Mycroft's daemon, Bronwyn ("Seriously, _Bronwyn_?" John had sputtered when Sherlock first mentioned her name in passing, only to be silenced by his flatmate's withering glare), an imposing great grey owl, was perched on the back of the sofa, reading over Angelica's shoulder. Except for Angelica's flying thumbs and the dancing flames, everything was completely still and suffocatingly silent.

In John's experience, Christmas dinners traditionally meant crowded, rowdy rooms full of loud adults and hyperactive children, telly blaring in the background, large quantities of inexpensive food and alcohol (probably a bit too much of the latter), and at least one gigantic, cracking row that involved Harry somehow.

This was not going to be one of those sorts of evenings, he suspected. He felt rather adrift.

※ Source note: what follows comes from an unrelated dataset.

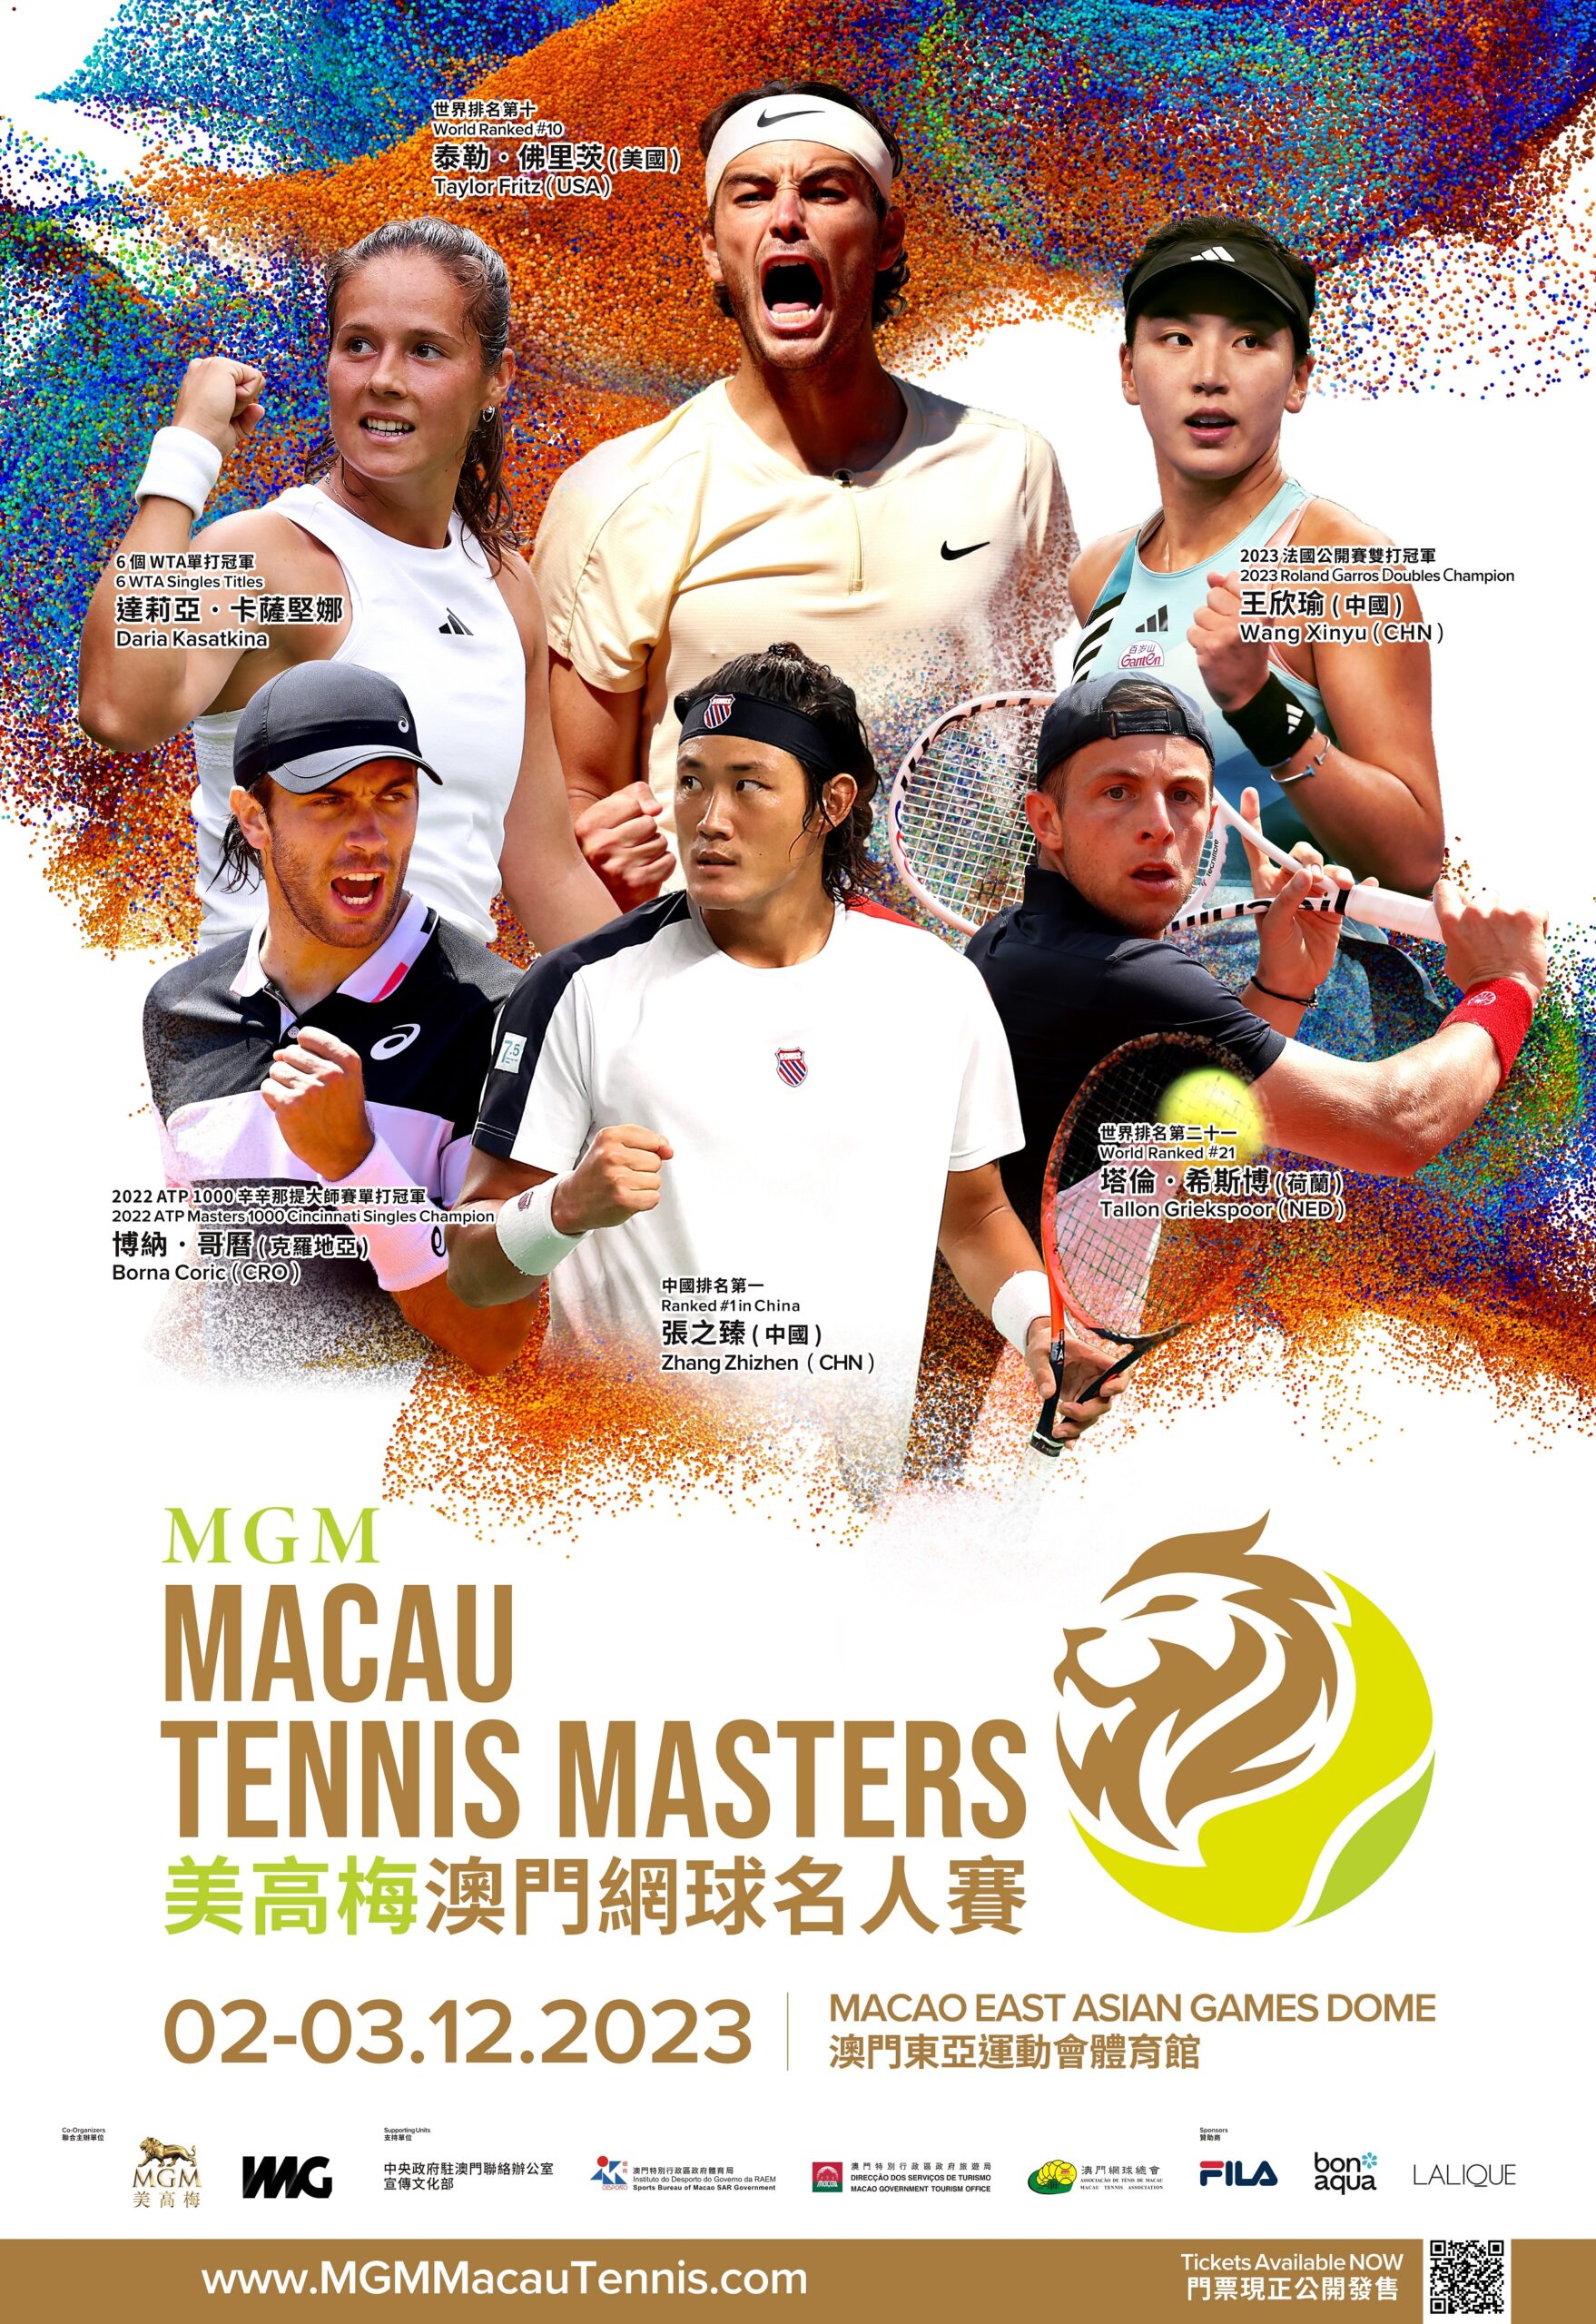 Fritz, Griekspoor And Kasatkina Lead LineUp For MGM Macau Tennis

"Well, this is jolly," John remarked to Adonia, in a private, human-to-daemon undertone. "I wonder if things'll pick up once Mummy arrives?"

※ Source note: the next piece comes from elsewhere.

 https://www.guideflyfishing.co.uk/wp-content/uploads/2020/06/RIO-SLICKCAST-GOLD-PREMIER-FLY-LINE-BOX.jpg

"When will she get here, d'you think?"

John shrugged. "You heard Sherlock; he said she was flying in, but didn't say when her zeppelin was due."

Just then, there was a loud rattle outside the front windows, making both John and Adonia jump. It sounded like something striking the wrought-iron railing of the balcony.

"Ah," Mycroft said, sounding arch and bored. "That'll be Mummy."

"I expect so," Sherlock replied, in the same tone of voice.

A pause. "Well," Mycroft said, "Let her in. It's _your_ flat, after all."

Sherlock held position for a moment longer, drawing out the brothers' not-staring contest, but then he gave way, striding to one of the windows, drawing back the curtain and raising the sash to its fullest extent. He stepped to one side, continuing to hold the curtain out of the way; as John gaped, confused, a slender form ducked through the open window, straightening to survey the room with cool detachment.

It was a woman: tall, pale and youthful in appearance, dressed in elegantly tattered twists of floating black silk, her dark hair tumbling halfway down her back in wild, unrestrained curls. In one hand she held a green pine branch, in the other a strung and wickedly recurved bow. The feathered ends of long arrows peeped over one shoulder and a crown of living white flowers circled her brow. If there could be any remaining doubt as to her nature, it would have been immediately dispelled by the fact there was no sign of her daemon.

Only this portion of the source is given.